Belief change is just a special case of this. Suppose a politician changes her position for some good reason. There is not only nothing wrong with this, it shows an admirable openness. She goes from believing in a progressive tax scheme to believing in a flat tax, say. Surely there is no logical contradiction involved, and for two reasons. First, the property of believing that a progressive tax is warranted is not the contradictory, but merely the contrary, of the property of believing that a flat tax is warranted. (They cannot both be instantiated at the same time, but it is possible that neither be instantiated.) Second, the properties are had at different times. A logical contradiction ensues only when one simultaneously maintains both that p and that ~p.
Emerson’s sound point, then, is that one should not make a fetish out of doxastic stasis: there is nothing wrong with being ‘inconsistent’ in the sense of changing one’s beliefs when circumstances change and as one gains in experience and insight. But this is not to say that one should adopt the antics of a John Kerry or a Hillary Clinton or a Joe Biden. You will recall that the benighted and Biden reversed himself on the Hyde Amendment, for no good reason but for the purpose of self-promotion. So, while one ought not make a fetish of diachronic or Emersonian consistency, relative stability of views over time is a defeasible indicator of character.
Before leaving this topic, let's consider what Walt Whitman has to say in the penultimate section 51 of “Song of Myself” in Leaves of Grass:
Do I contradict myself? Very well then I contradict myself, (I am large, I contain multitudes.)

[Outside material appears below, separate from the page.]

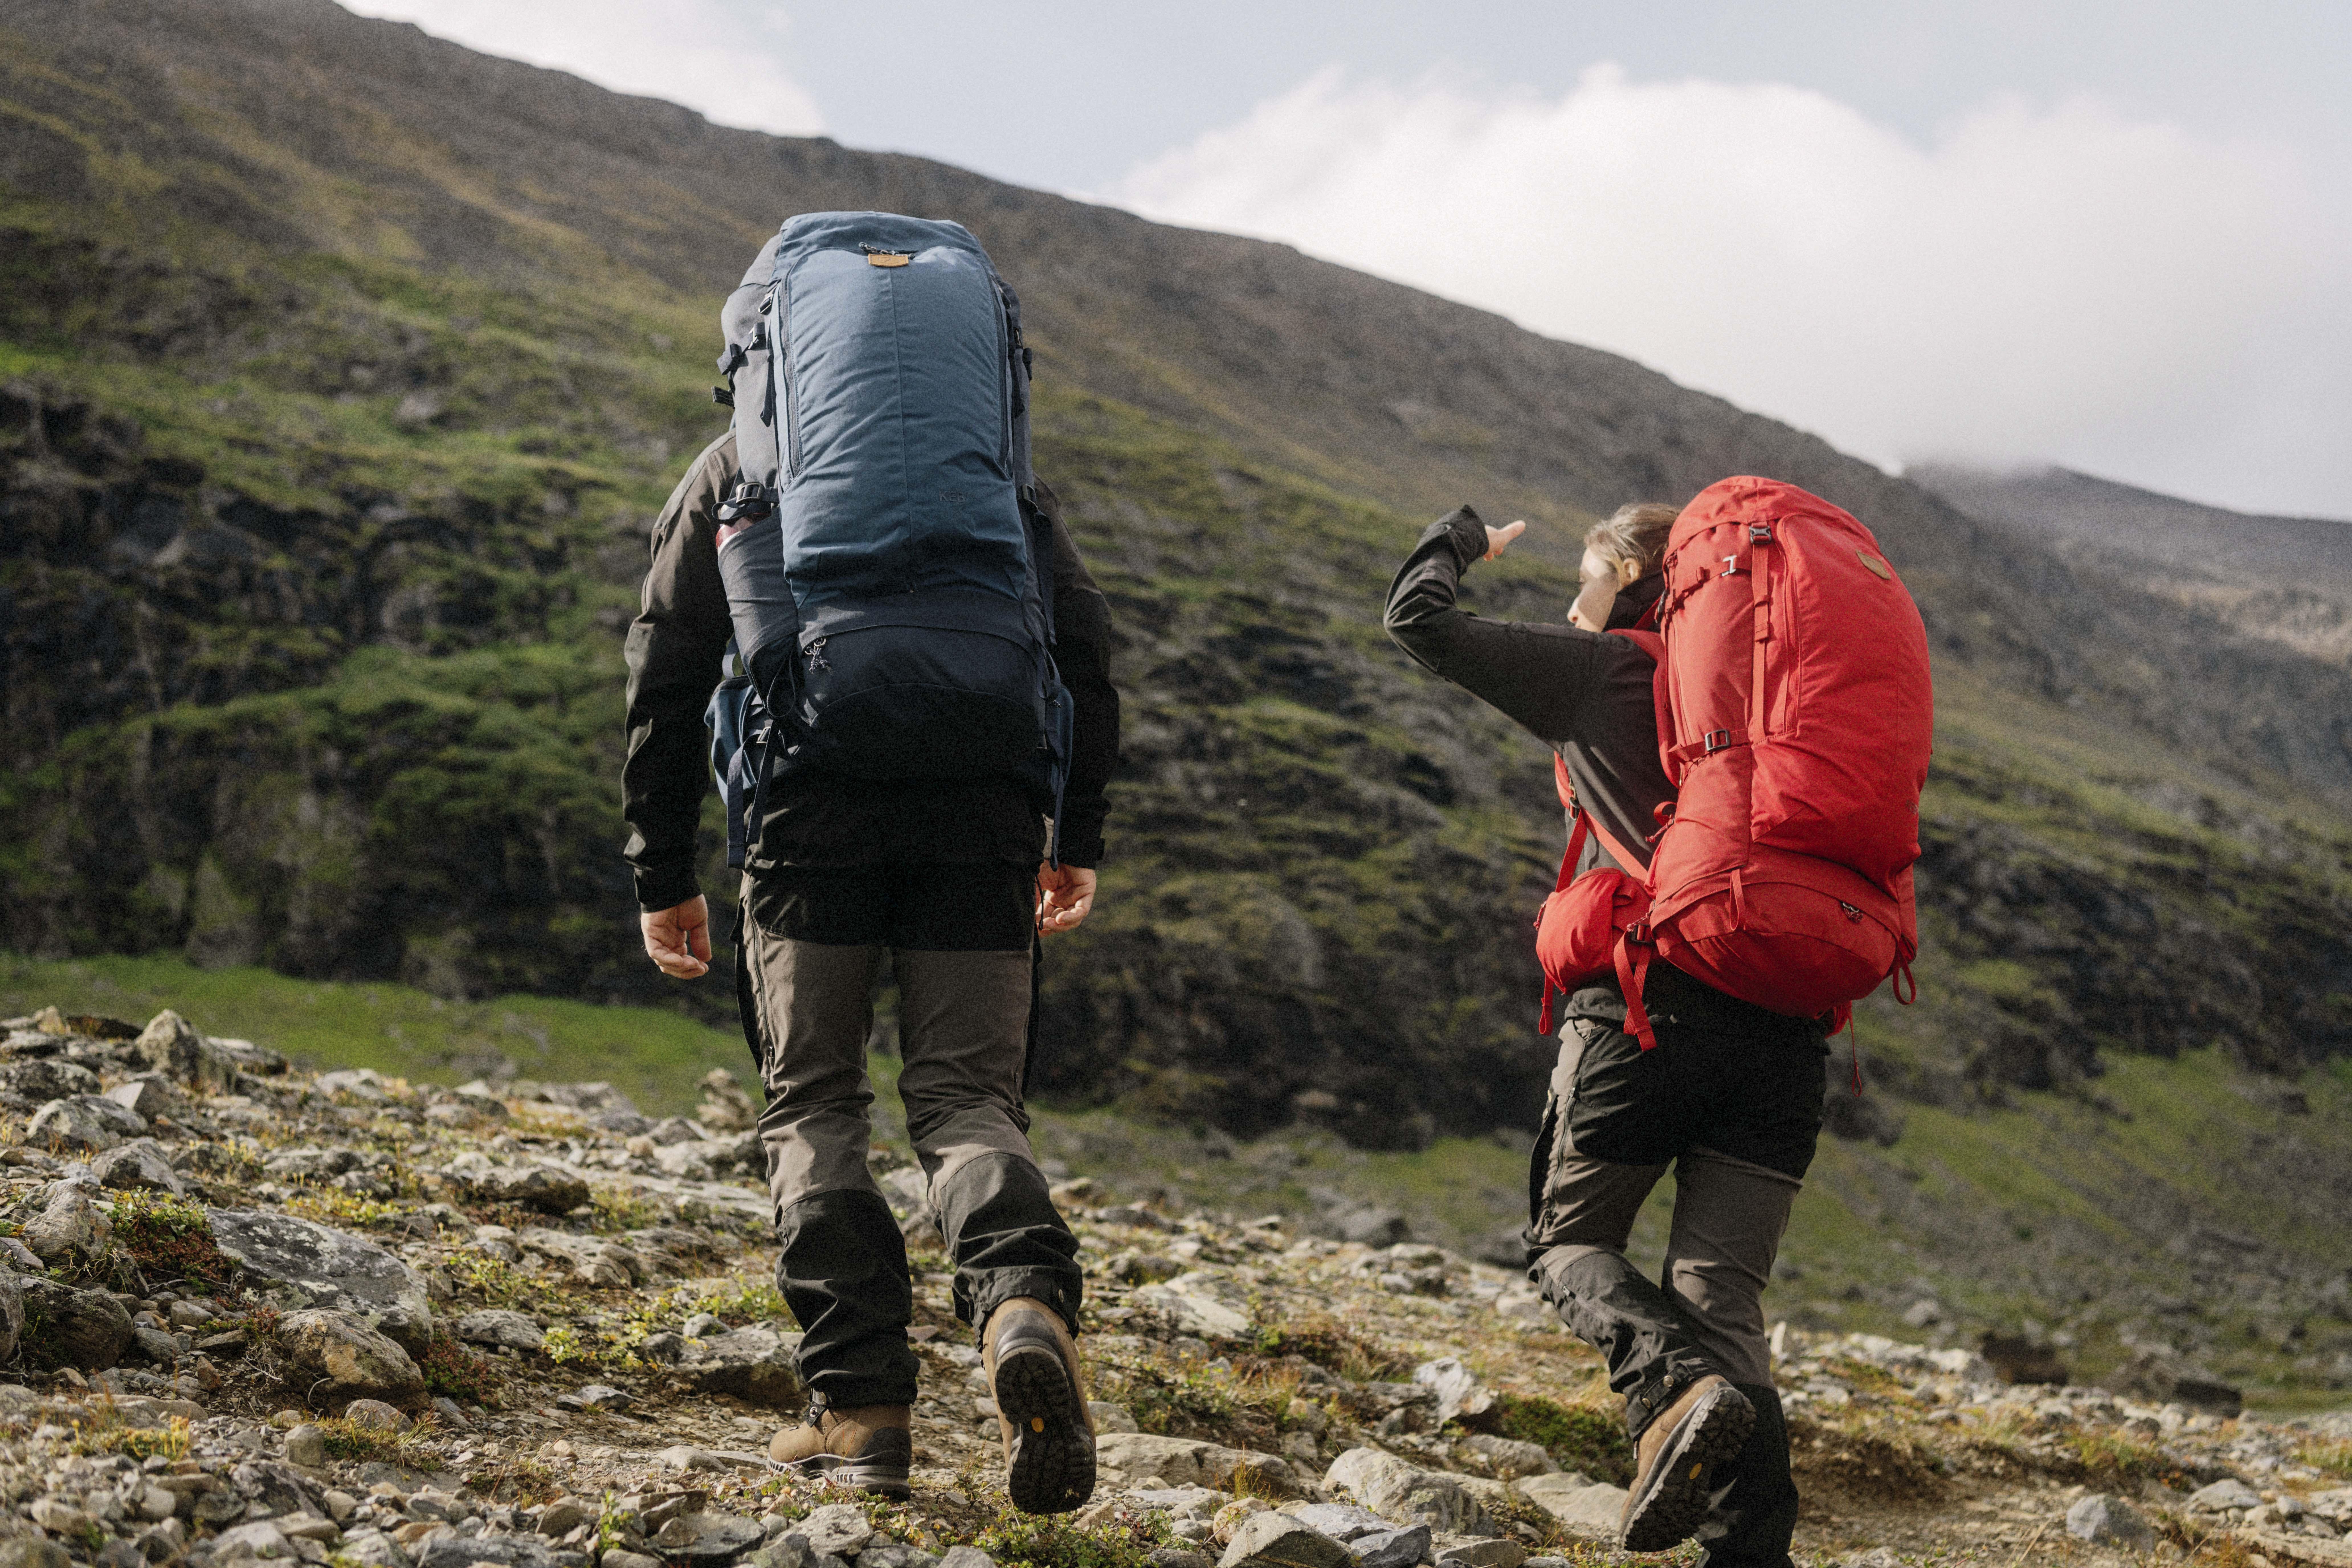 Hikers in the mountains, fjällräven backpacks, fjällräven trousers

Here it appears that Whitman is thumbing his nose at logical consistency. If so, the Emersonian and Whitmaniab dicta ought not be confused.
4. Why be consistent? Ought one be consistent in any of these three senses? It is self-evident that one ought to strive to be logically consistent. For if one's beliefs are logically inconsistent, then they cannot all be true, which implies that one or more of them are false. The ideal doxastic set would consist of beliefs that are both true and consistent. Logical consistency by itself is not enough since false beliefs can be consistent. But logical consistency, though not sufficient, is necessary for true beliefs and thus a goal worthy of pursuit.
As for pragmatic consistency, consistency in the application of principles to like cases, this too seems to be a goal that ought to be pursued. Can I prove that we ought to treat like cases in a like manner? Well, can you prove its negation? If burden-of-proof considerations are relevant here, the burden is on you.
Logical and pragmatic consistency are norms partially constitutive of rationality. A rational person strives for both. Diachronic or Emersonian consistency, however, is not a rational norm or epistemic desideratum. On the contrary, one ought to change one's beliefs when new facts and arguments so warrant.